**Your objective**
For this exercise, an exact copy is needed of only the lines from the one containing "java.nio.channels AsynchronousChannel class" through the end of the data, with pictures left out.

**Information supplied**
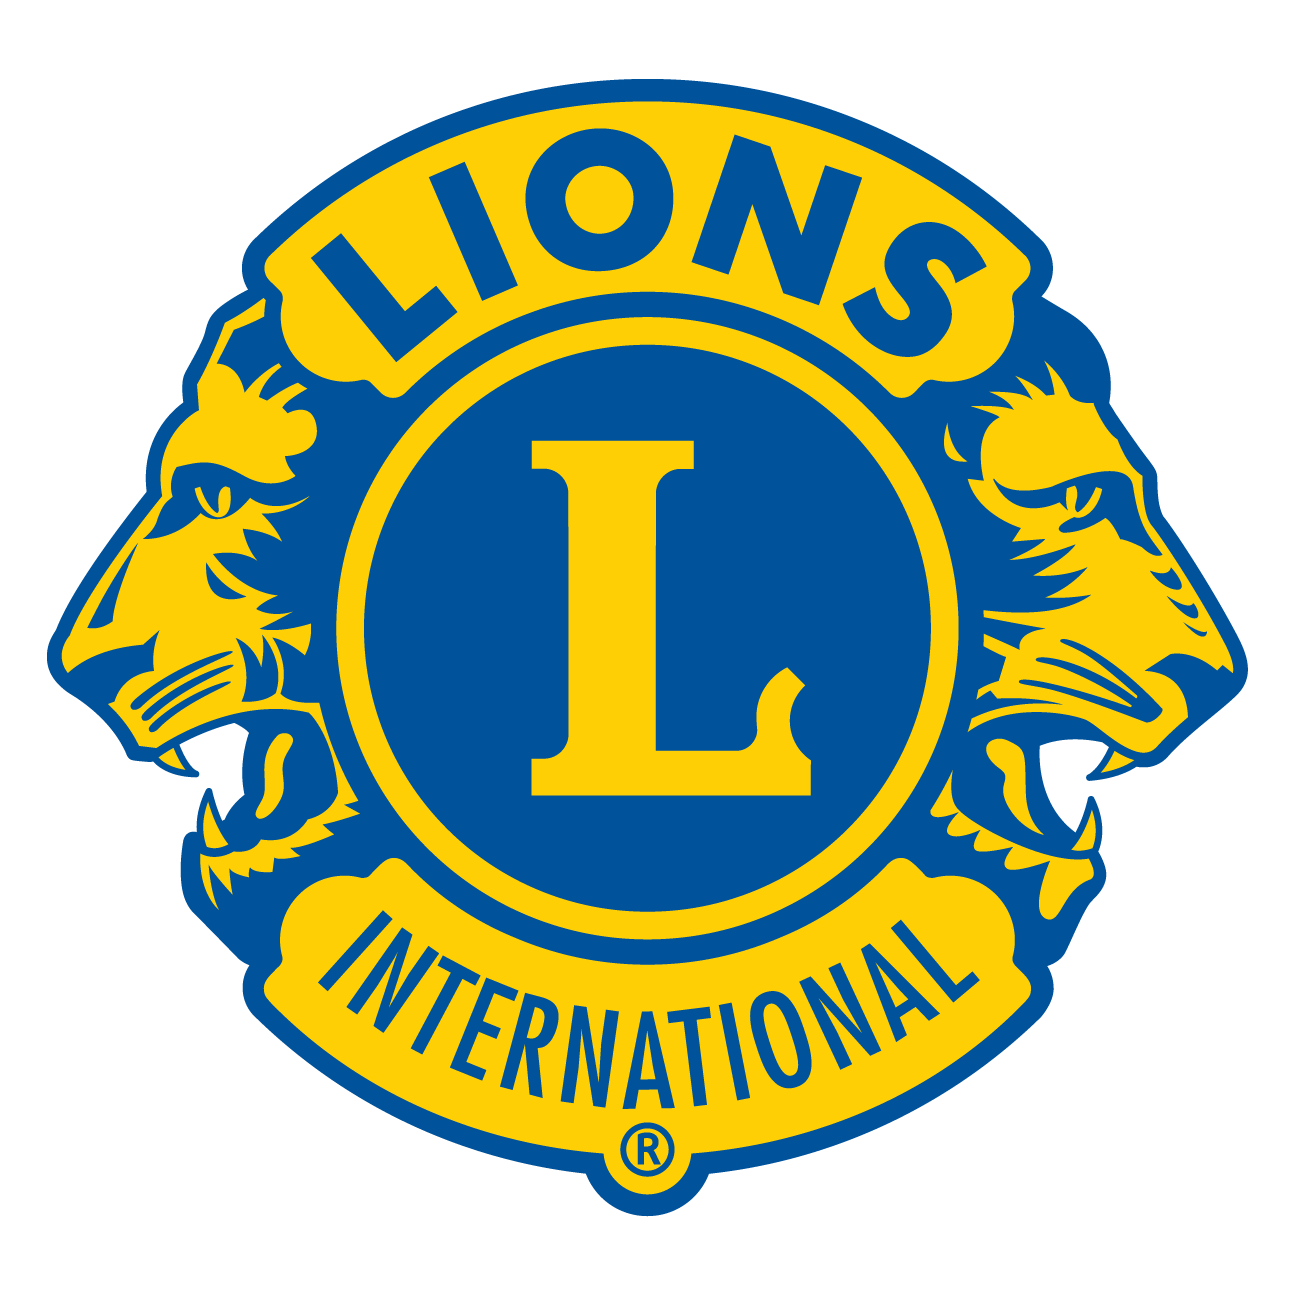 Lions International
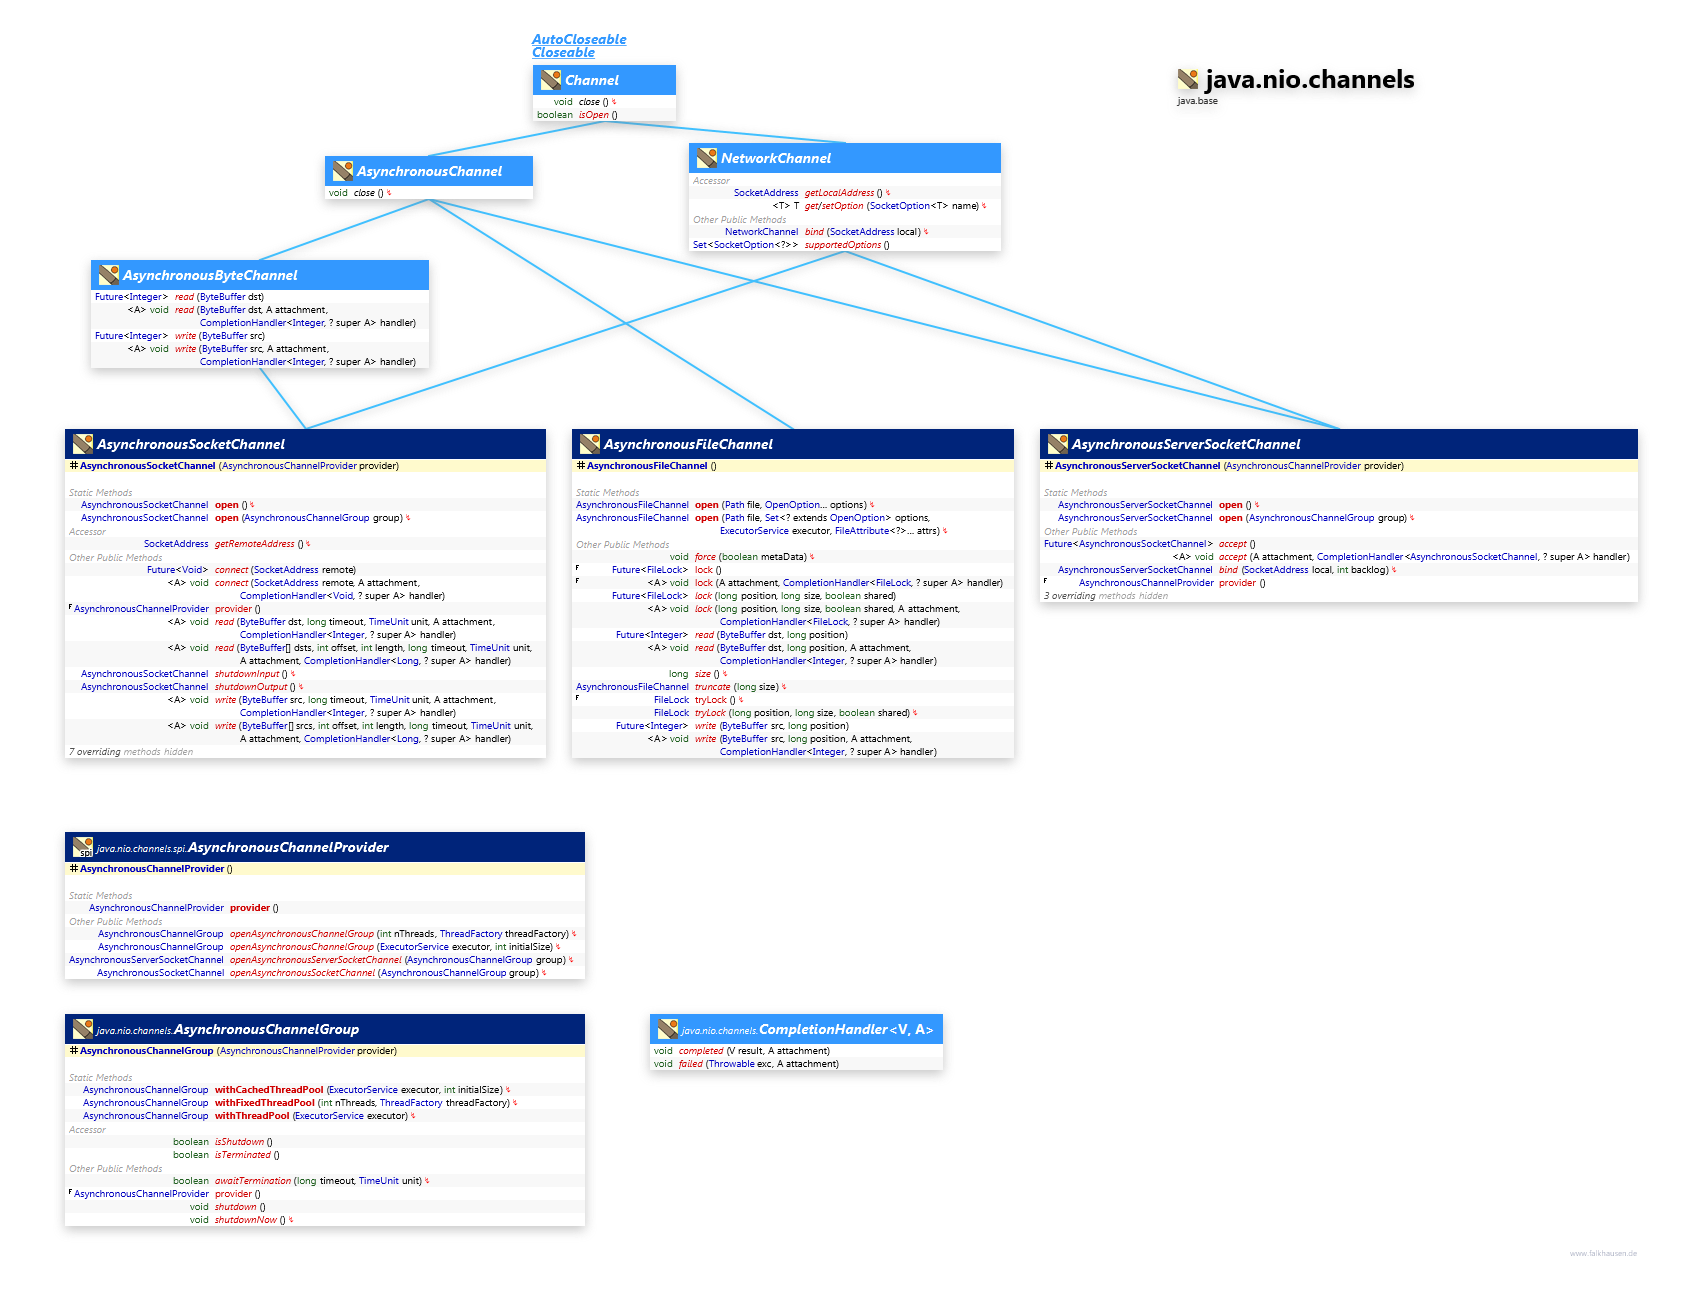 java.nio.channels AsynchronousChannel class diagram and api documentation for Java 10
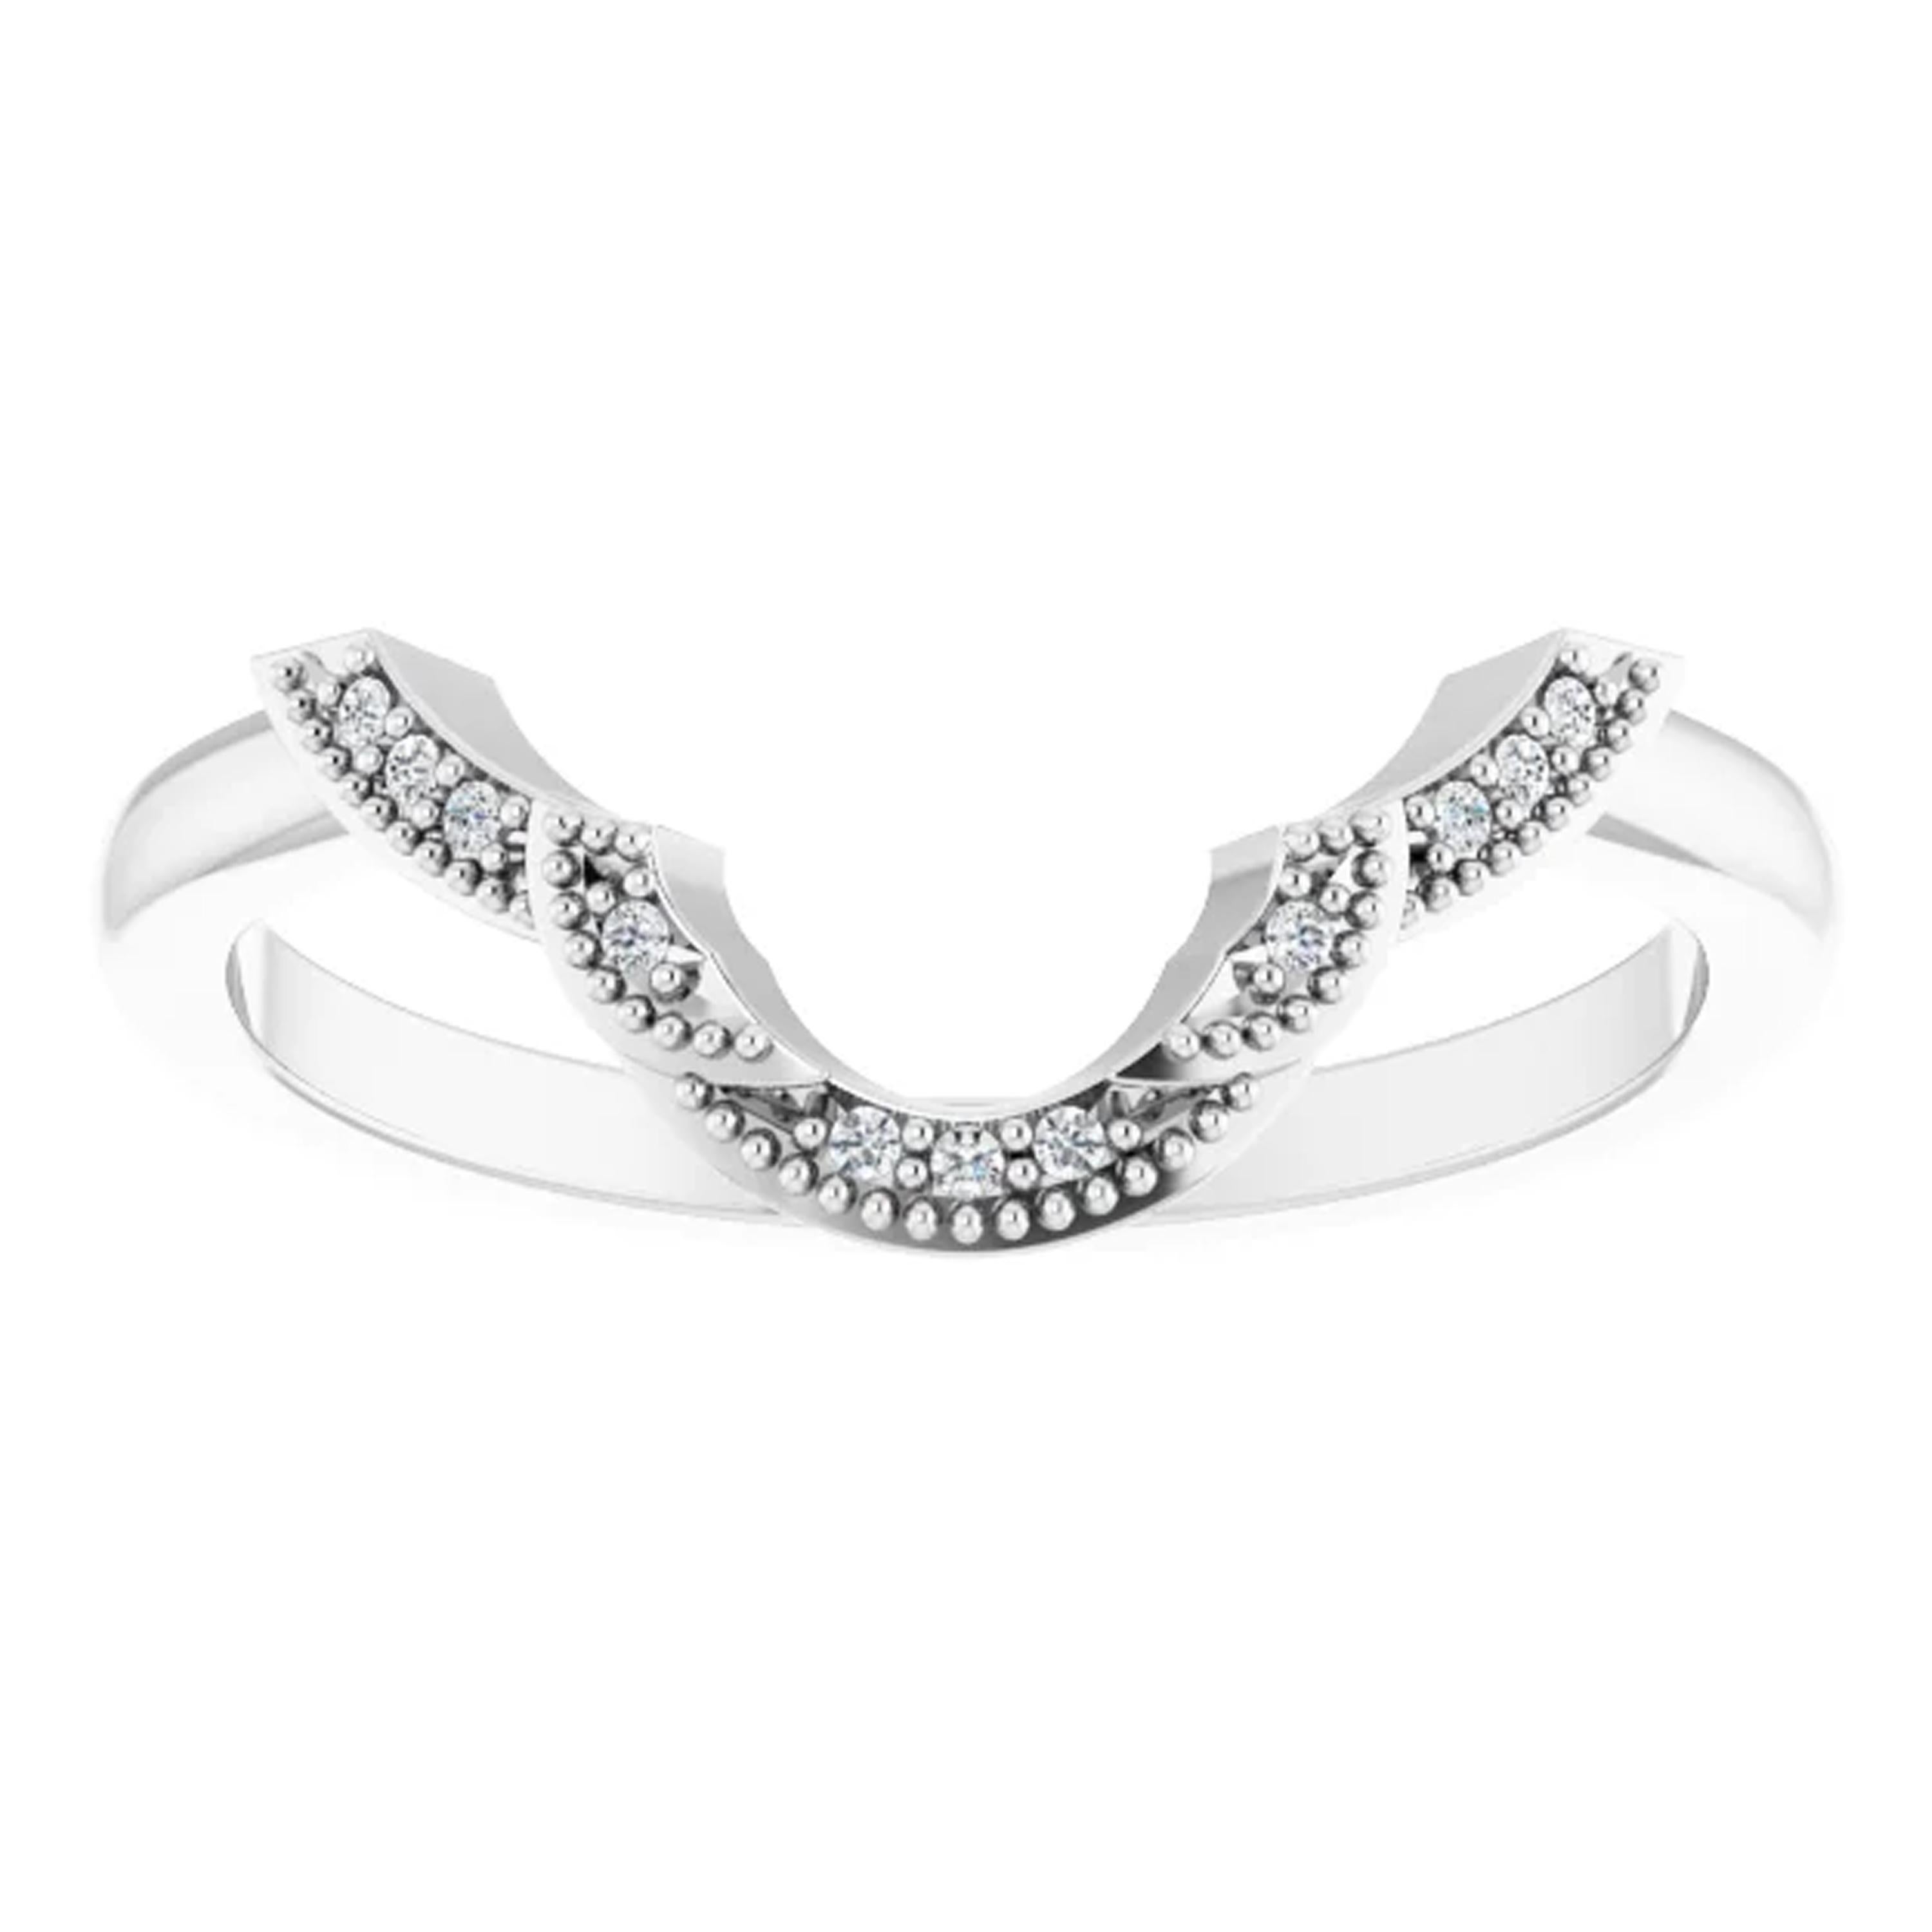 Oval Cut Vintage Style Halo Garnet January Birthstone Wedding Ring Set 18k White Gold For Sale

**Solution for this exercise**
 java.nio.channels AsynchronousChannel class diagram and api documentation for Java 10
 Oval Cut Vintage Style Halo Garnet January Birthstone Wedding Ring Set 18k White Gold For Sale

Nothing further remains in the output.